I've called Tables a hybrid because, although its user interface is that of a spreadsheet, its function set is focused on tabular manipulation of rows and columns, which makes it more like a database than a financial modeling tool. Briefing me about the announcement, Erik Larson, director of marketing and product management, told me: "We're not going to build a big financial analysis engine. It's much more about collaborating on data with other people."
Adobe has developed the application this way, Larson explained, because its research found that the most common form of data in shared spreadsheets is tabular. Financial models are more likely to be an individual undertaking — someone sits down in front of the spreadsheet and then builds the model. Other people may look at the finished spreadsheet to run the model, but it's actually counter-productive to have several people working in parallel to build it, in much the same way that you wouldn't have several different programmers collaboratively writing code unless you had some kind of source code control system in place to prevent unintended conflicts and bugs.
Examples of tabular spreadsheets include inventories and price lists, mailing lists and sets of data extracted from other applications for review, such as downloading a prospect list from Salesforce.com. Of course the core structure is predetermined, and what's then useful to collaborate on is filtering or supplementing the data for further actions. By the way, these use cases date back to the earliest days of spreadsheets — Excel's predecessor as spreadsheet market leader, Lotus 1-2-3, was so named because it added basic graphics and database as second and third functions alongside the original financial manipulation capabilities of the pioneering VisiCalc spreadsheet.

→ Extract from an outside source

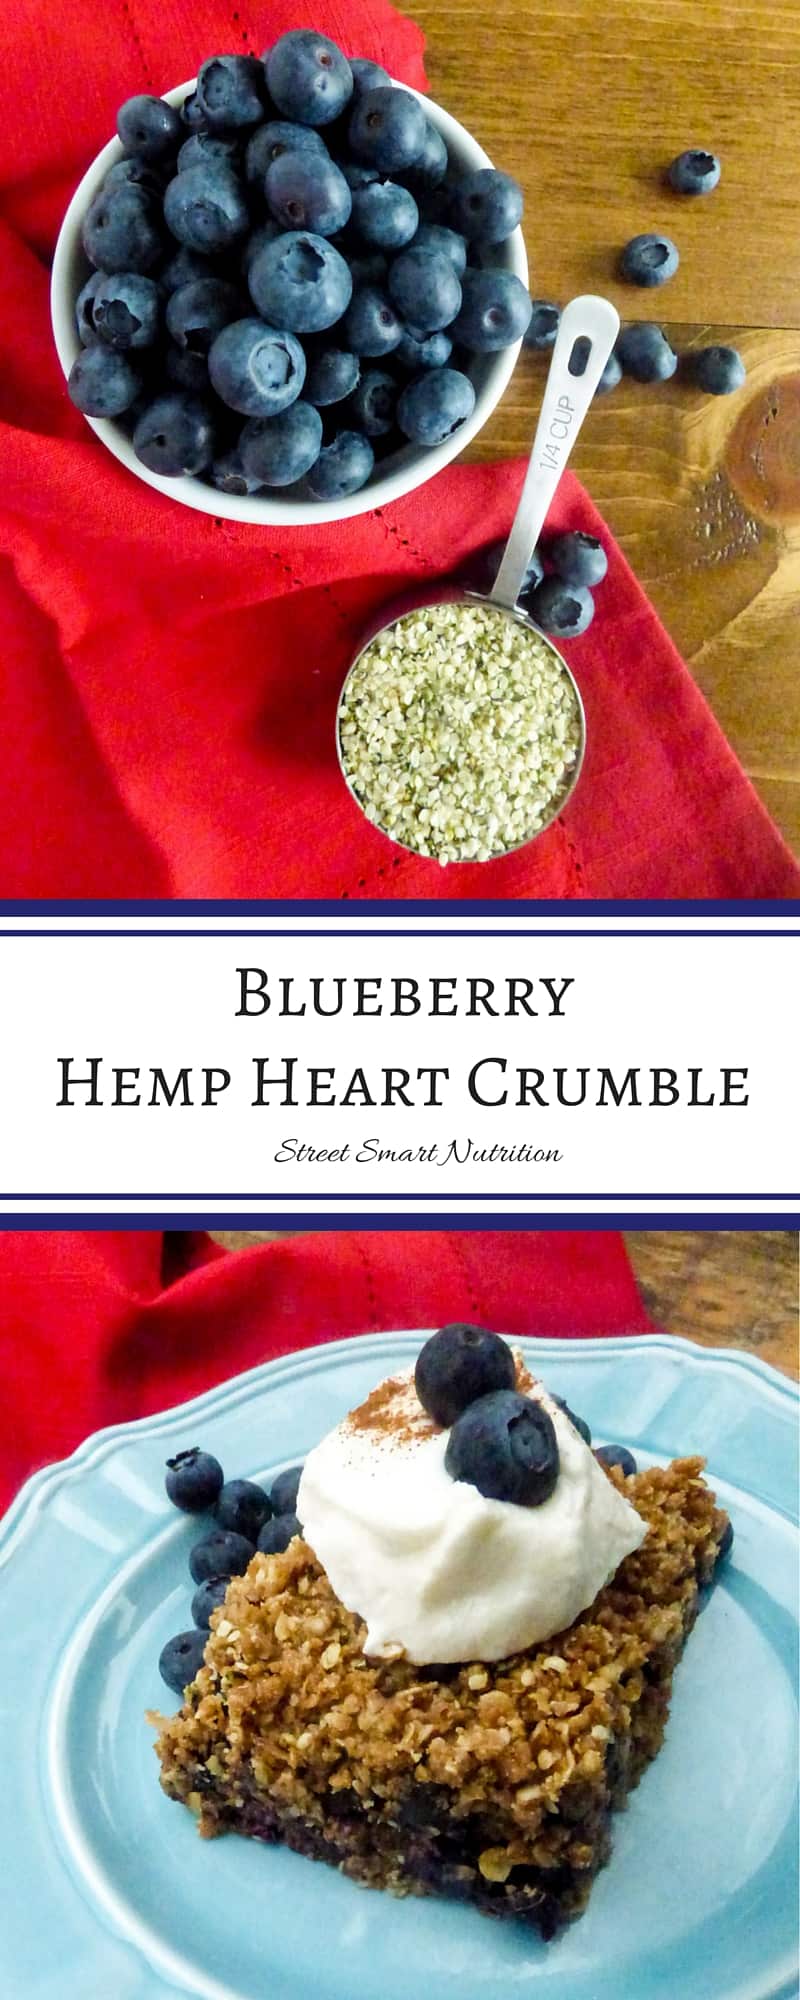 Try this Blueberry Hemp Heart Crumble from Street Smart Nutrition to celebrate with the flavors of summer

Focusing on this kind of use case has allowed Tables to go much further than rival online spreadsheets, most notably Google's, in adding functions that support collaborative working. In particular, there's a private view option that allows one user to filter and sort the data without affecting how other users see it. When working in shared view, the application will warn you if you're about to change a cell that others are working on at the same time.
But of course what Adobe has probably worked out as a result of its research (and this is just speculation on my part rather than anything I've been told) is that there's a far larger existing market for Tables among users of online databases than there is among online spreadsheet users. There are literally dozens of online database tools, many of them extant since the late 1990s, that have given business people a means of sharing data (mostly excerpted from Excel or exported from other applications in CSV format) without the security and error risks that come from emailing spreadsheets around. Probably the best known is Intuit QuickBase, but there are many others. Targeting the dowdy old online database market doesn't make for such a sexy headline as challenging Google and Microsoft with an online spreadsheet, but this is the sweetspot that Tables is aimed at. With its Acrobat franchise, it has the reach to bring many more users online than earlier contenders have managed.